CITY TRIBUNE
GAA puts country first in courageous Covid stance
Bradley Bytes – a sort of political column with Dara Bradley
The GAA is hungry for money; it’s a money-grabbing organisation. That’s been the popular refrain for years now.
It’s mostly a criticism from non-GAA people but even the organisation’s own grassroots members use it as a stick to beat the suits in Croke Park with.
Any time there’s a draw in an important championship match, a common reaction is to blame the referee, who ‘played for a draw’. The snide innuendo is that there’s some sort of conspiracy to produce replays and boost gate receipts.

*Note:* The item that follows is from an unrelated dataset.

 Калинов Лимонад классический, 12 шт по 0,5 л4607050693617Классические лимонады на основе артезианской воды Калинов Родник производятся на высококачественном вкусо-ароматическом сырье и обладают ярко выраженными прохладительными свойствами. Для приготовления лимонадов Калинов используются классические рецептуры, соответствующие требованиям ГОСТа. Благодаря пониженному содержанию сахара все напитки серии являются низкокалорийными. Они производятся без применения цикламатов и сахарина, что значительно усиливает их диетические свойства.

It is through that prism that the GAA’s admirable and courageous stance during the Covid-19 crisis should be viewed.
The GAA has been lambasted by a vocal minority of Gemma O’Doherty-type extremists from outside and within, for taking a cautious approach during the coronavirus health pandemic that has killed more than 2,000 people on the island of Ireland, including 1,600+ in the Republic.
The daily death tolls – thankfully falling – are so great, they’re difficult to fully process, and comprehend. Were the daily deaths occurring in ‘normal’ times and caused by something like a car crash, or a fire, they’d each merit a national day of mourning.

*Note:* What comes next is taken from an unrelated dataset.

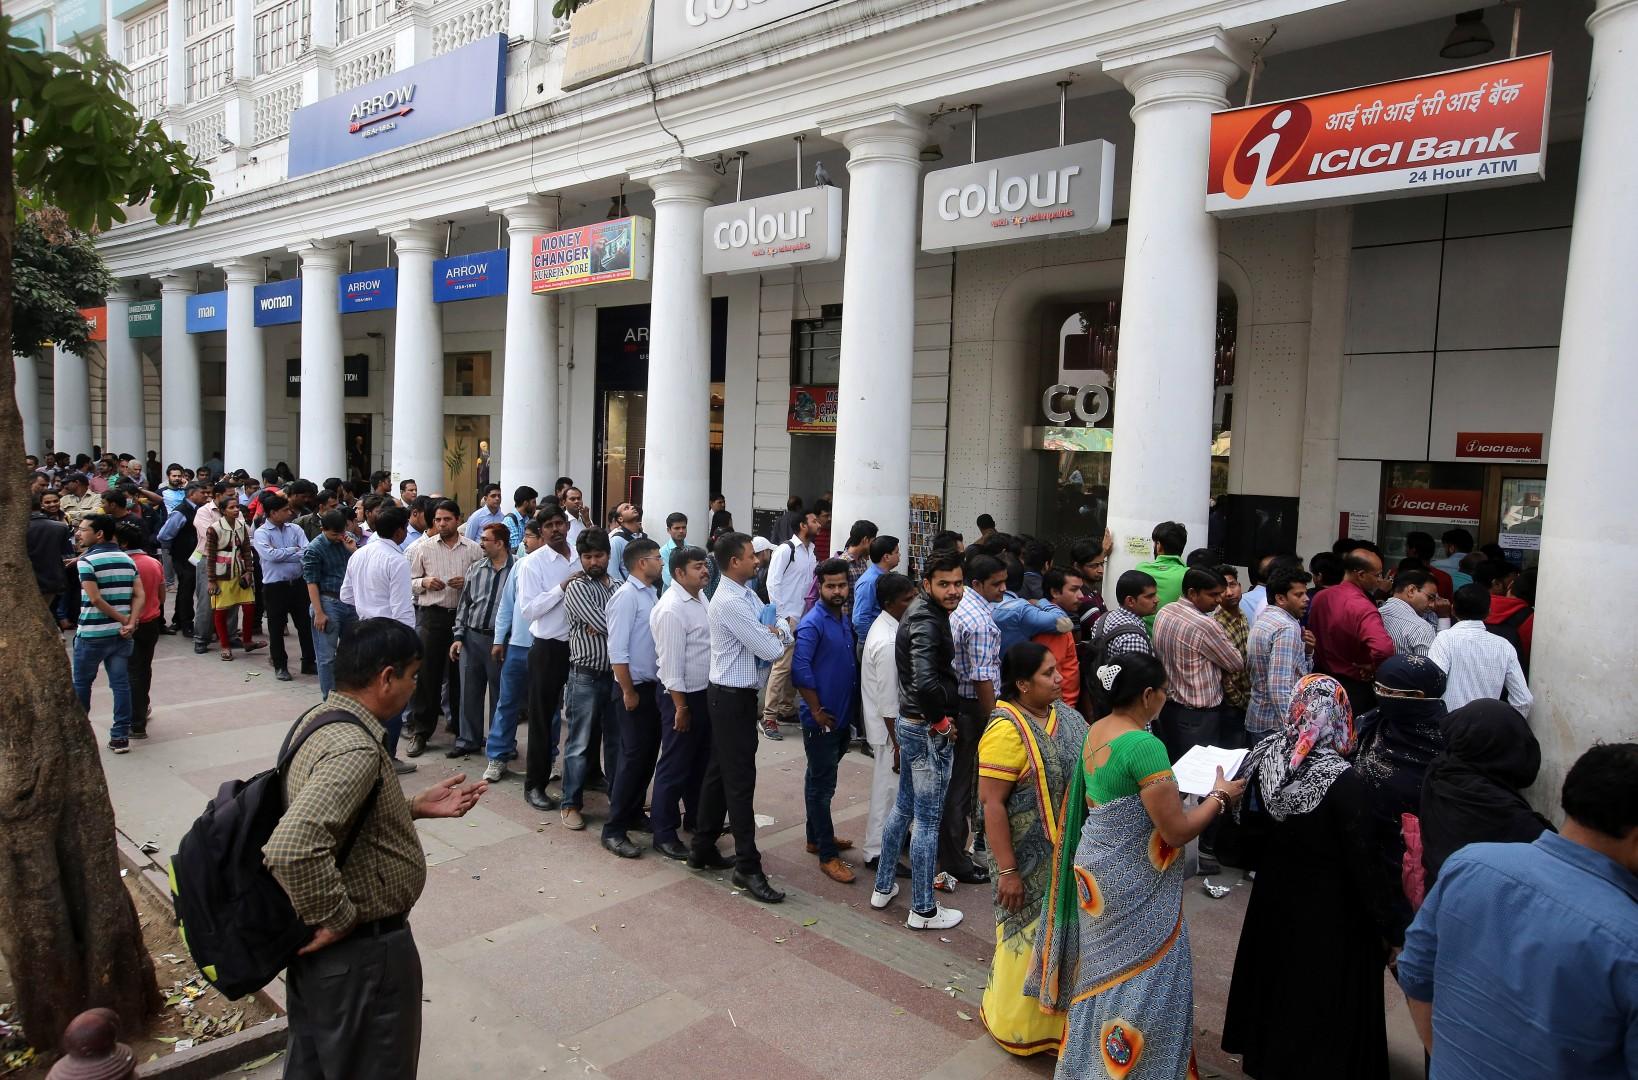 Ljudje v Indiji stojijo v dolgih vrstah za menjavo denarja (foto: epa)

The hurlers on the ditch, and clueless amateur epidemiologists, who for weeks called ‘ad nauseam’ for pitches to reopen and games to restart, would be first to attack Croke Park as ‘money-grabbers’ for resuming before the experts agree it’s safe to do so.
Some commentators would have us all out licking each other’s hurls in the morning. One even suggested that because GAA players are highly-conditioned athletes they are less susceptible to contracting Covid-19.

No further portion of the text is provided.